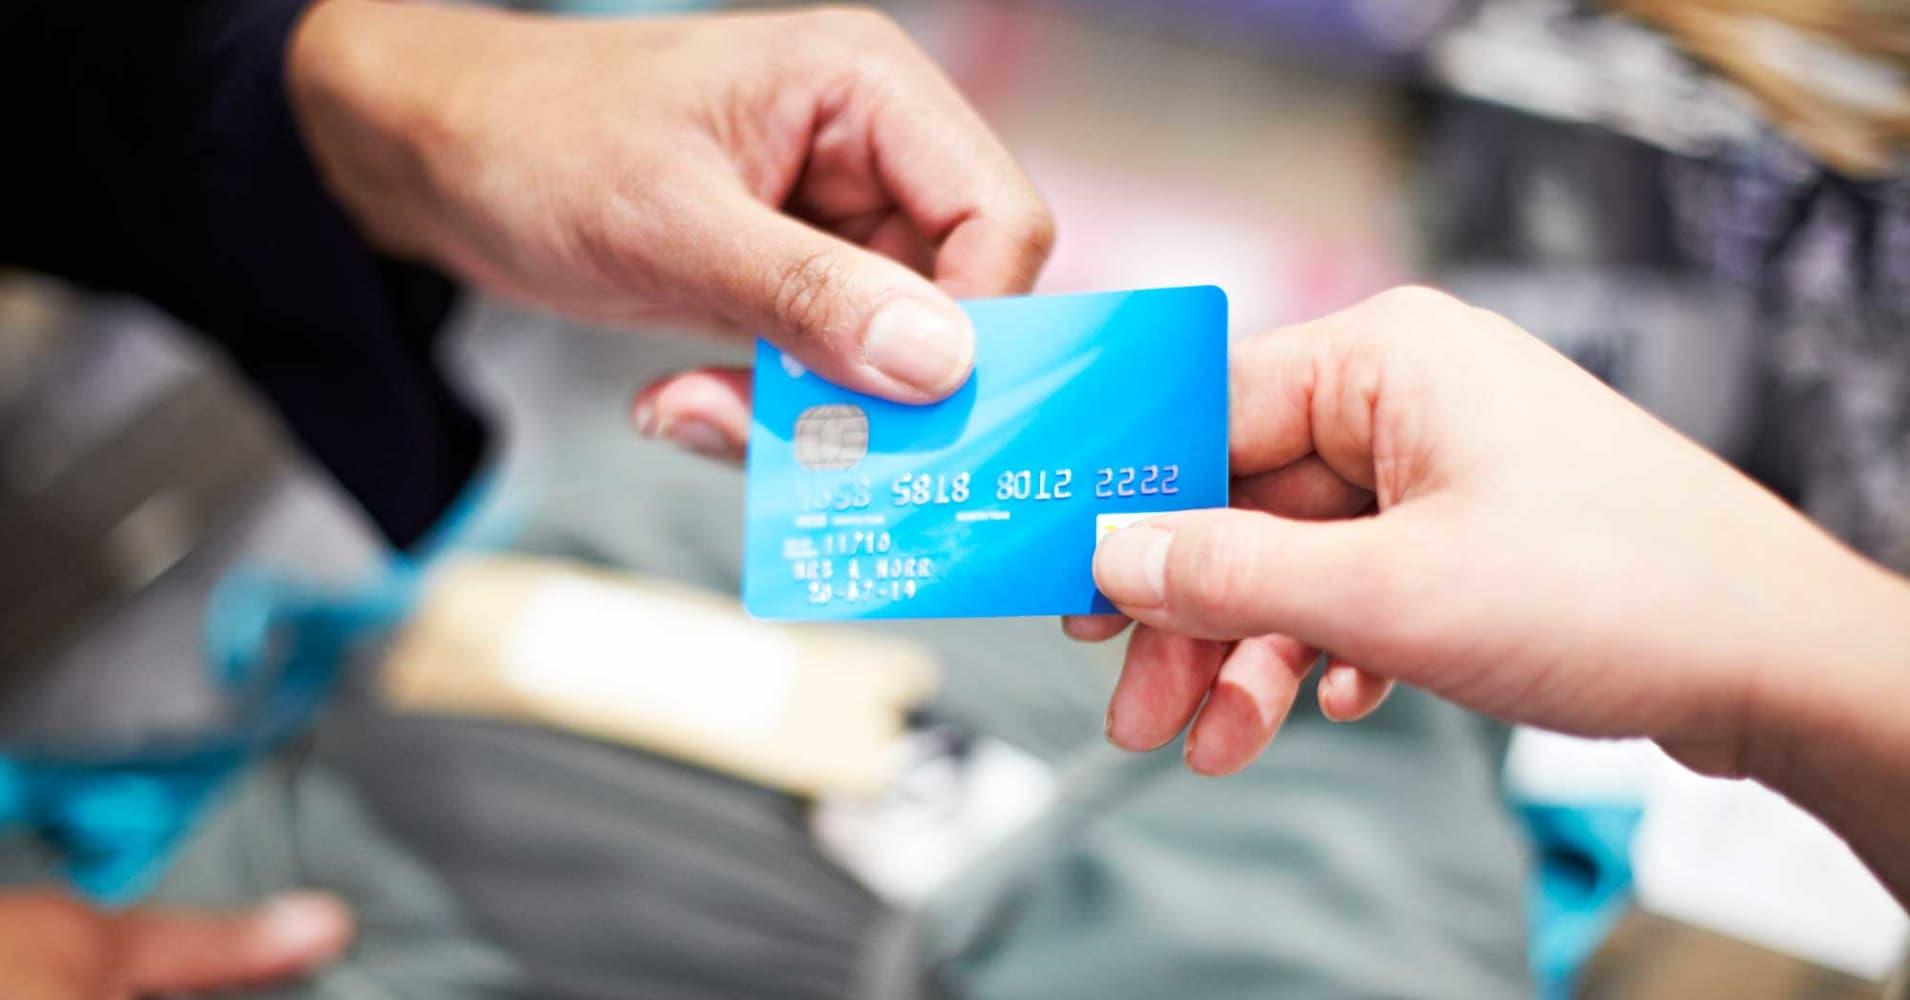 Best Rewards Card For Business Travelers
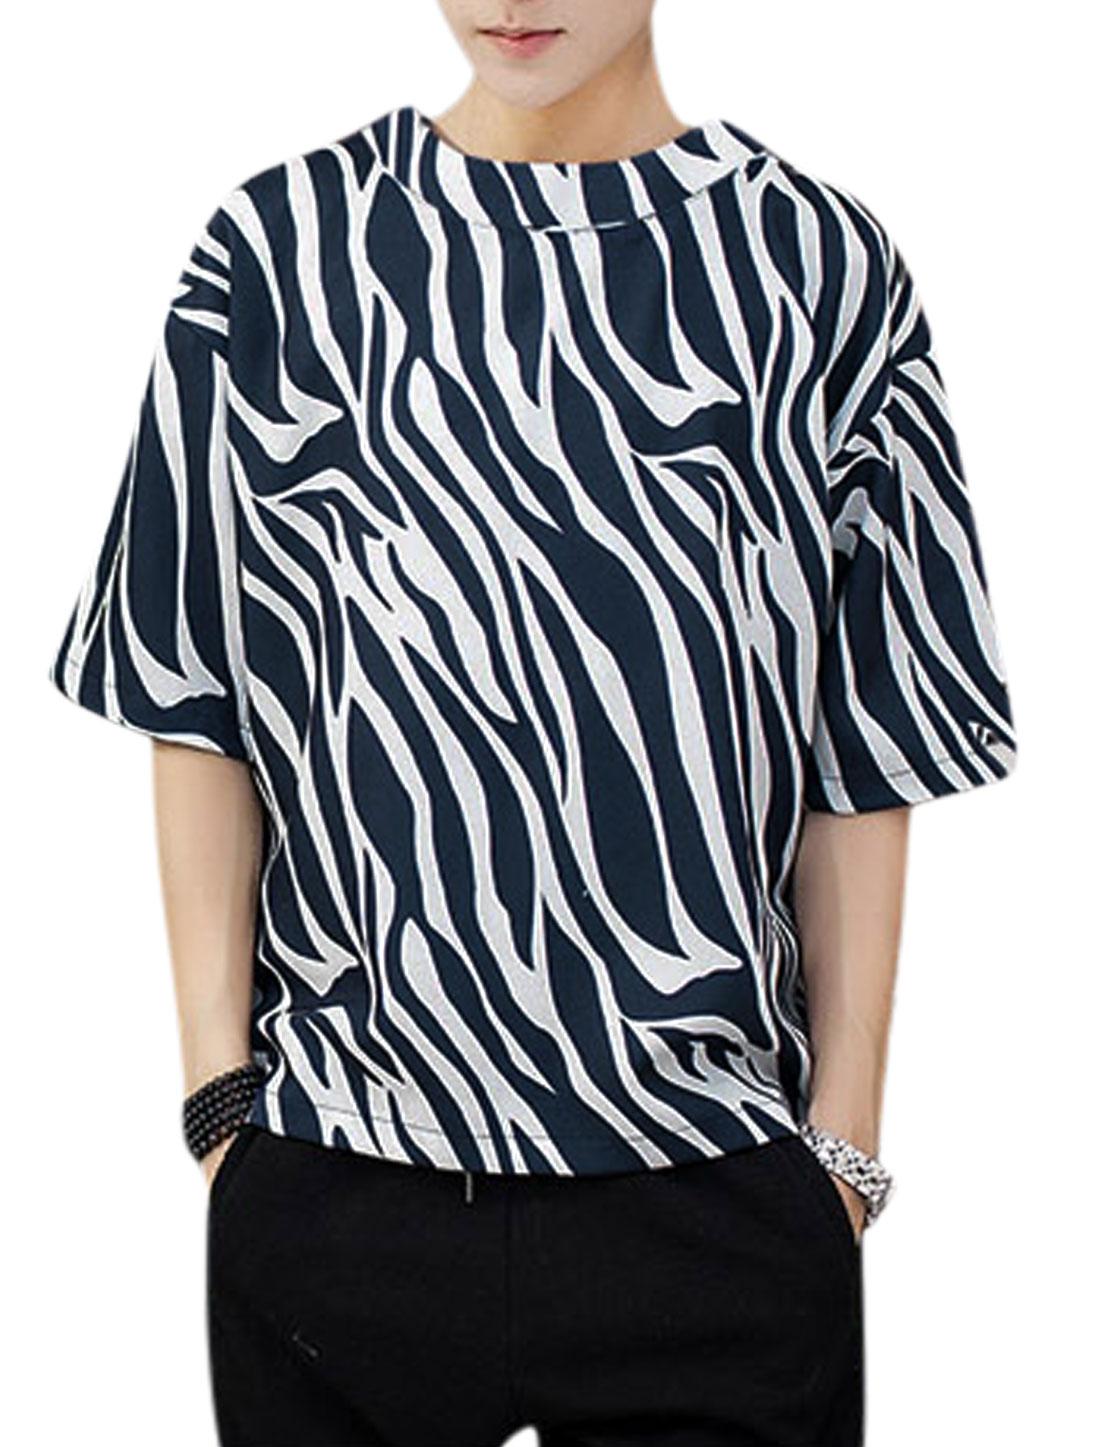 Men Elbow Sleeve Round Neck Zebra Prints T-Shirt Navy Blue White L
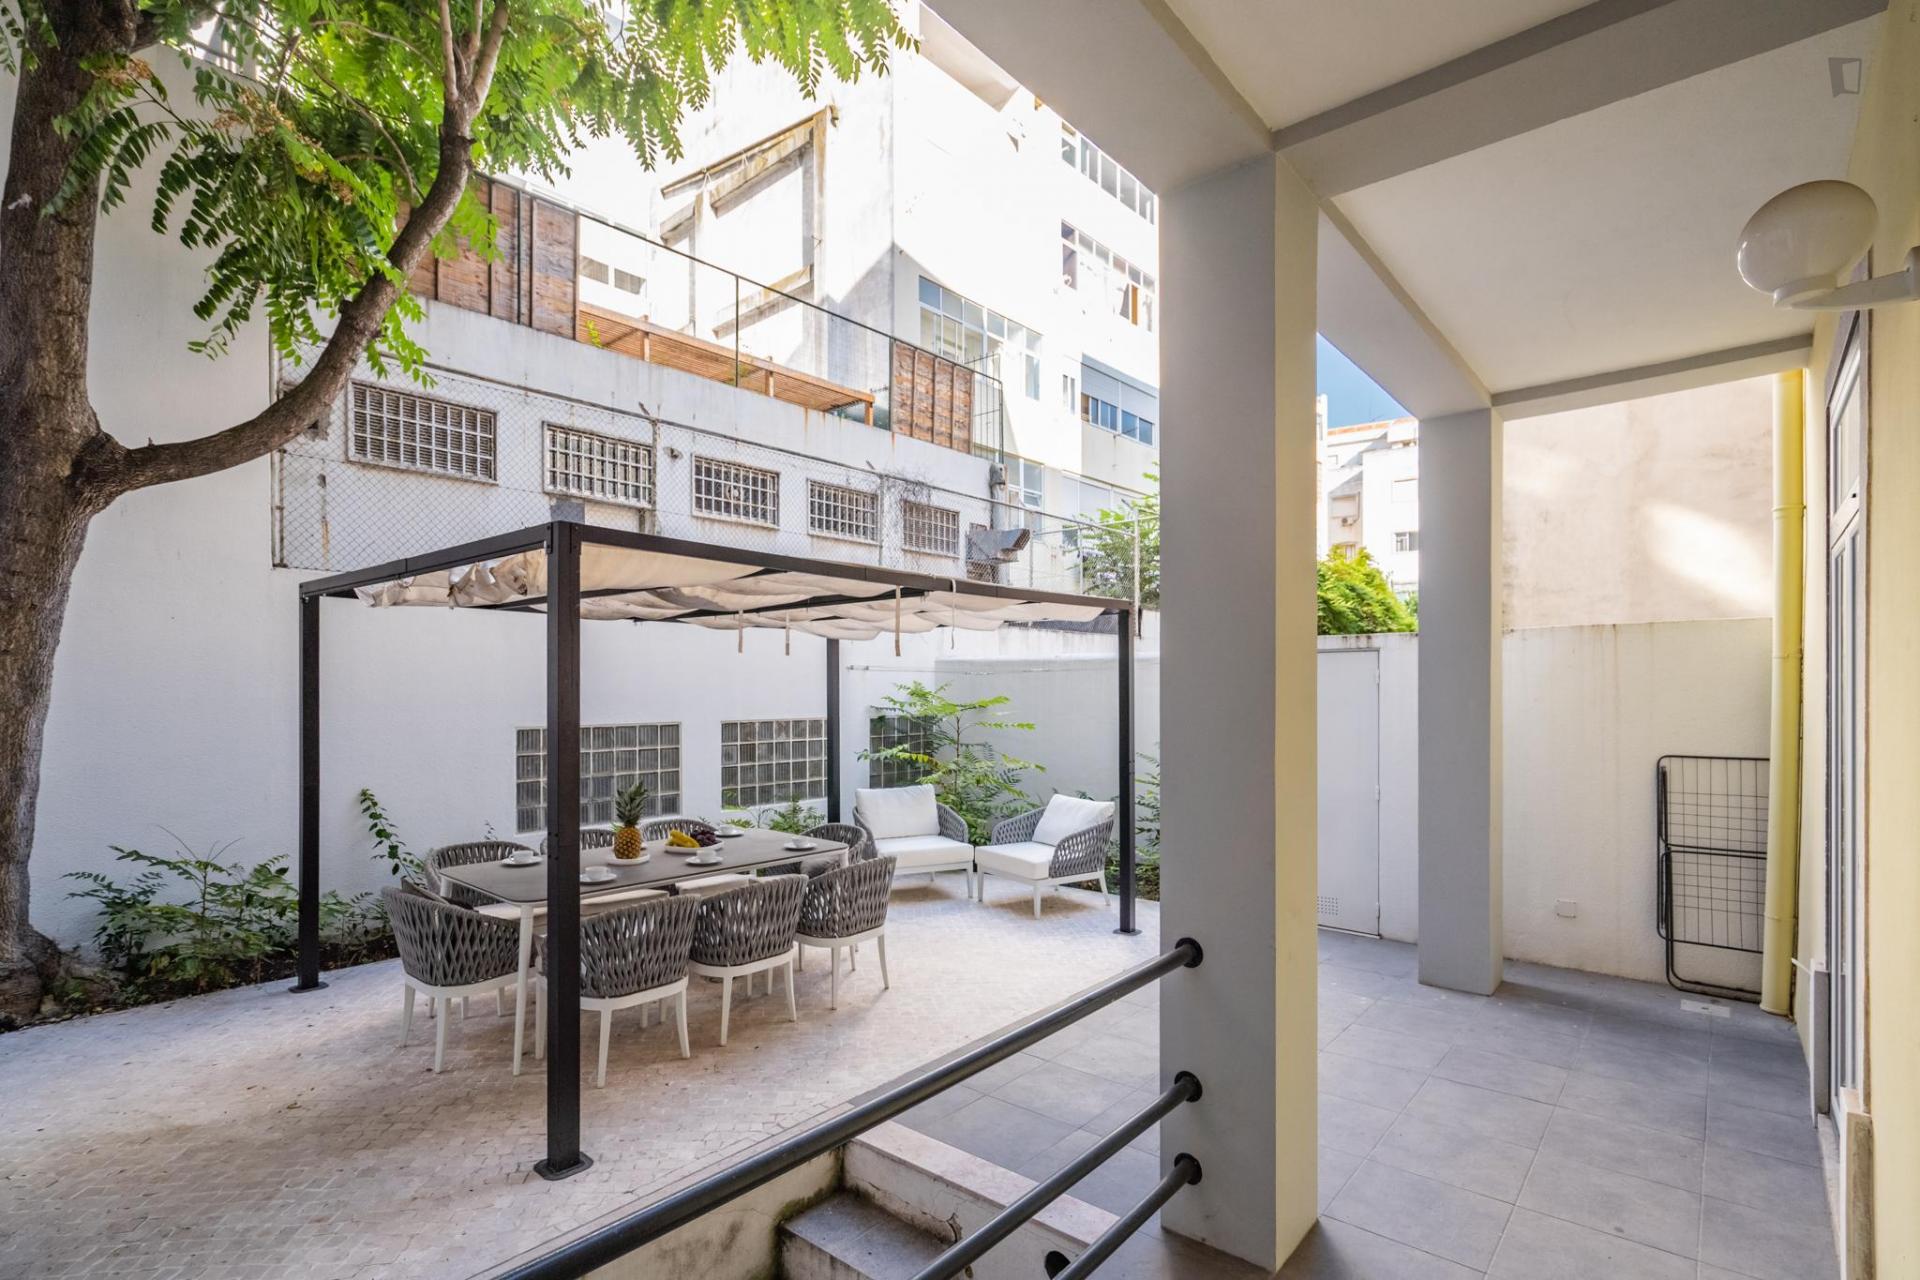 Farmacêutica- Piso de lujo de 4 cuartos en Lisboa

(Description of the task): Word for word, repeat the lines of data above, omitting every picture.

(Solution):
 Best Rewards Card For Business Travelers
 Men Elbow Sleeve Round Neck Zebra Prints T-Shirt Navy Blue White L
 Farmacêutica- Piso de lujo de 4 cuartos en Lisboa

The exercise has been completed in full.